20.9 million shares at US$17.25 per share
Gross proceeds approximately US$360.5 million
Toronto, January 21, 2009 - Kinross Gold
Corporation (TSX: K; NYSE: KGC) ("Kinross" or the "Company")
announced today that it has entered into an agreement with a
syndicate of underwriters led by UBS Securities Canada Inc. for a
bought deal public offering of 20.9 million common shares of
Kinross at a price of US$17.25 per common share. The Company has
also granted to the underwriters an over-allotment option,
exercisable for a period of 30 days from the date of closing of the
offering, to purchase up to an additional 3,135,000 common shares
at the offering price.
The gross proceeds of the offering will be approximately
US$360.5 million (US$414.6 million if the over-allotment option is
exercised in full). The Company intends to use the net proceeds of
the offering to enhance its capital position following the funding
of recent acquisitions and for general corporate purposes.

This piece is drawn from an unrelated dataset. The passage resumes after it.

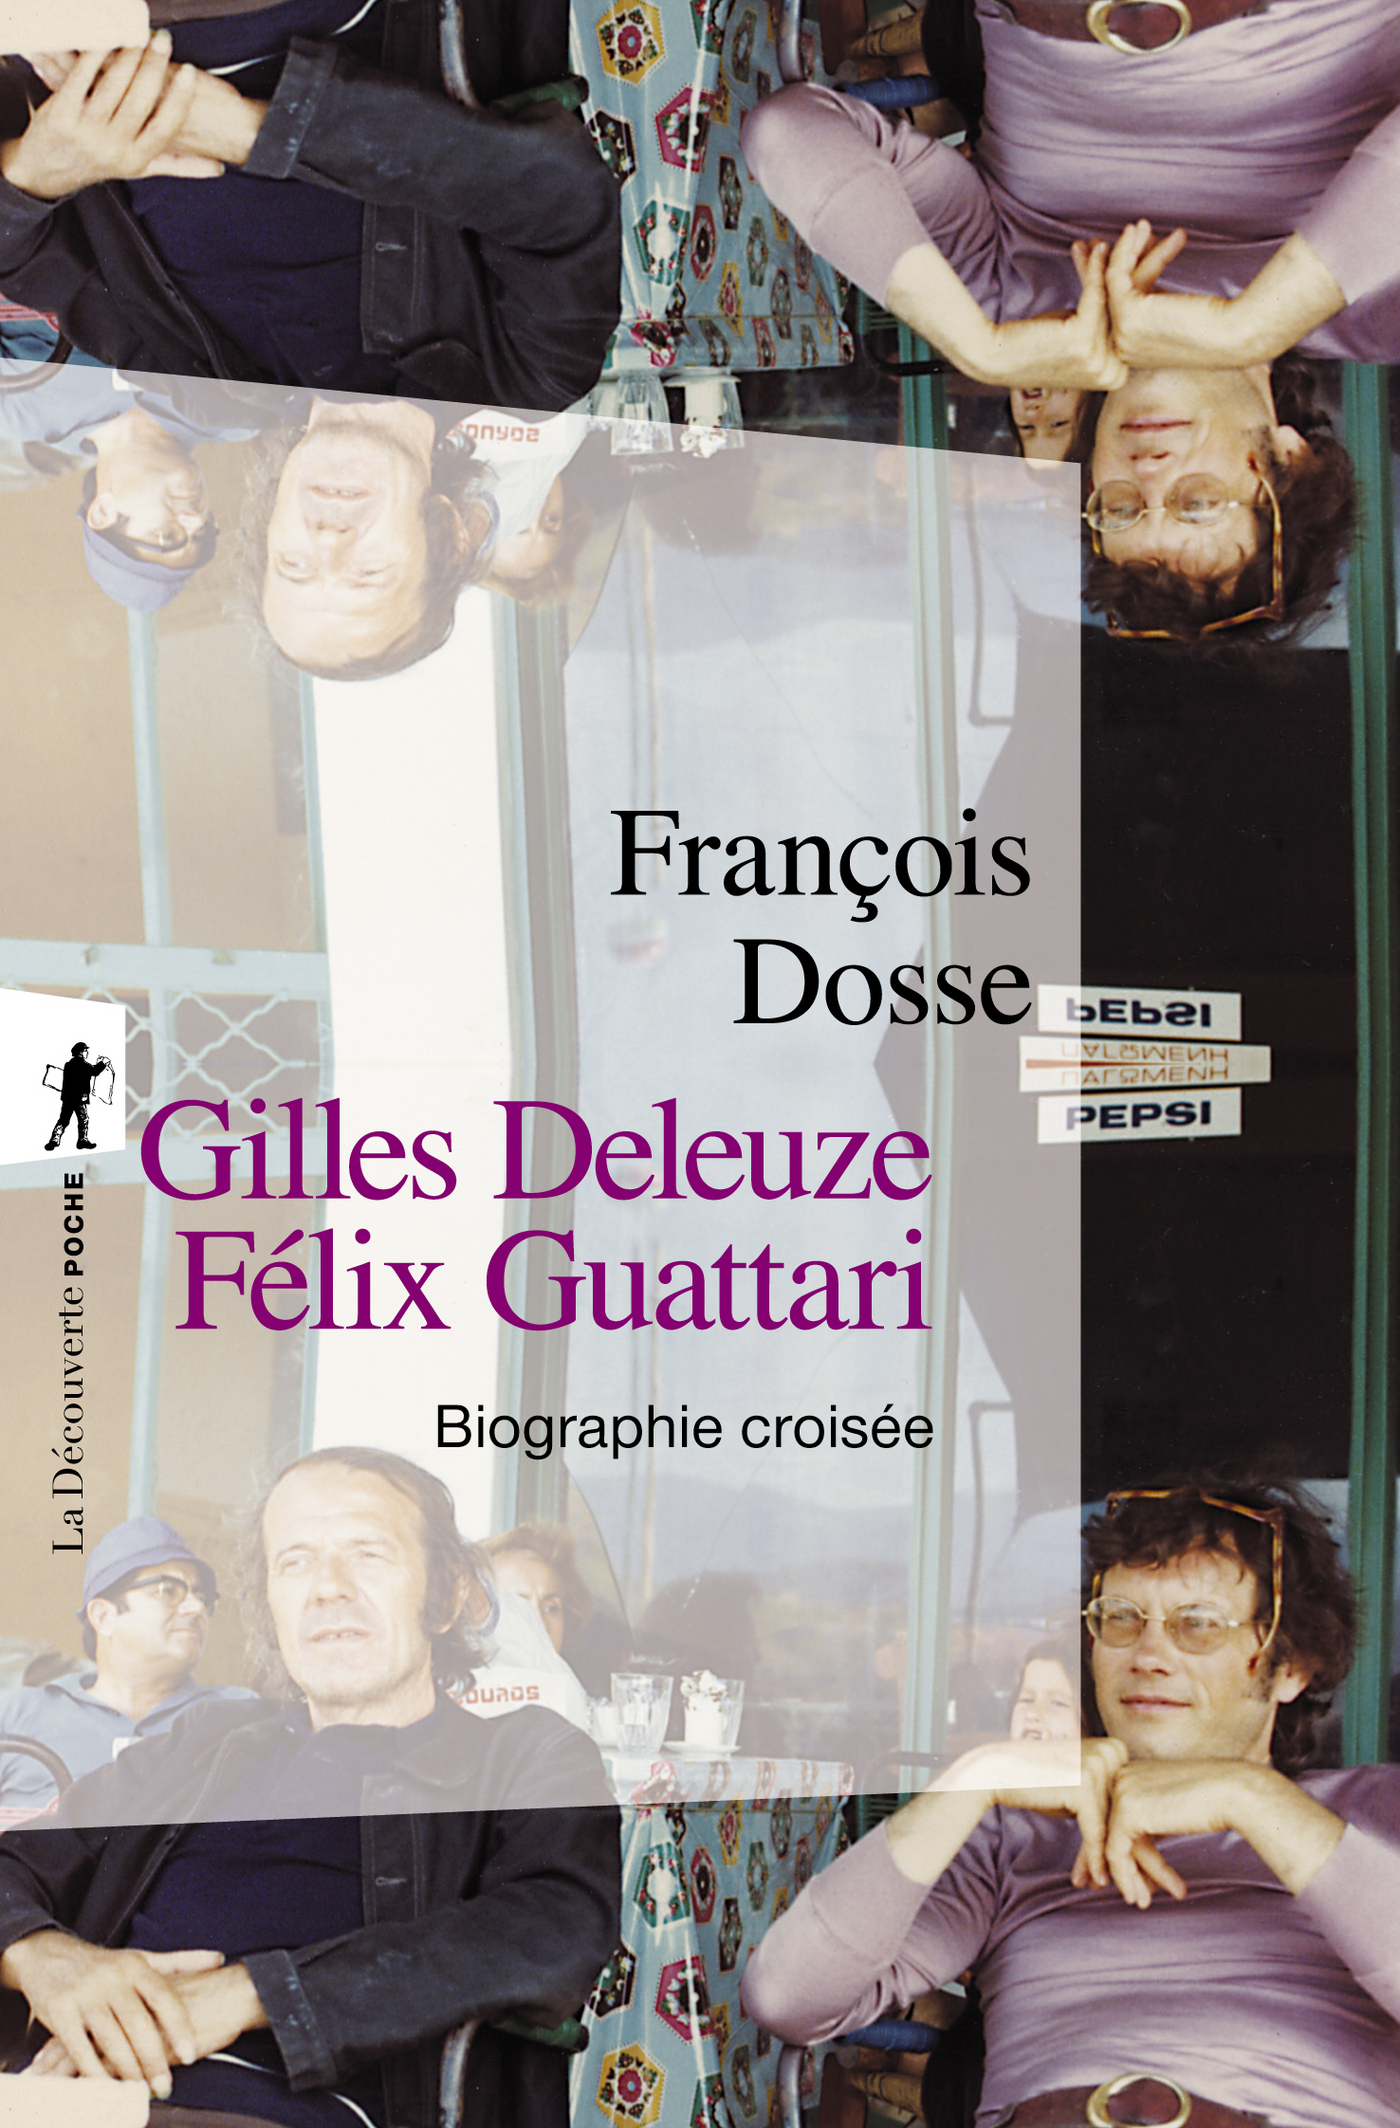 Gilles Deleuze, Félix Guattari (ebook)

The common shares will be offered by way of a short form
prospectus in all of the provinces of Canada and will be registered
in the United States pursuant to a registration statement filed
under the multi-jurisdictional disclosure system, and may also be
offered on a private placement basis in certain jurisdictions
outside of Canada and the United States pursuant to applicable
prospectus exemptions. A registration statement relating to these
securities has been filed with the United States Securities and
Exchange Commission but has not yet become effective. The
securities may not be sold nor may offers to buy be accepted prior
to the time the registration statement becomes effective.
This press release shall not constitute an offer to sell or the
solicitation of an offer to buy nor shall there be any sale of
these common shares in any jurisdiction in which such offer,
solicitation or sale would be unlawful prior to registration or
qualification under the securities laws of any such
jurisdiction.
The offering is scheduled to close on or about February 5, 2009
and is subject to certain customary terms and conditions, including
normal regulatory approvals, including the approval of the Toronto
Stock Exchange. A copy of the prospectus relating to the securities
may be obtained in Canada from UBS Securities Canada Inc. at 161
Bay Street, Suite 4100, Toronto, Ontario M5J 2S1, or in the United
States from UBS Securities LLC at 299 Park Avenue, New York, NY
10171.
Cautionary Statement on Forward-Looking Information
This press release shall not constitute an offer to sell or the solicitation of an offer to buy nor shall there be any sale of these common shares in any jurisdiction in which such offer, solicitation or sale would be unlawful prior to registration or qualification under the securities laws of any such jurisdiction.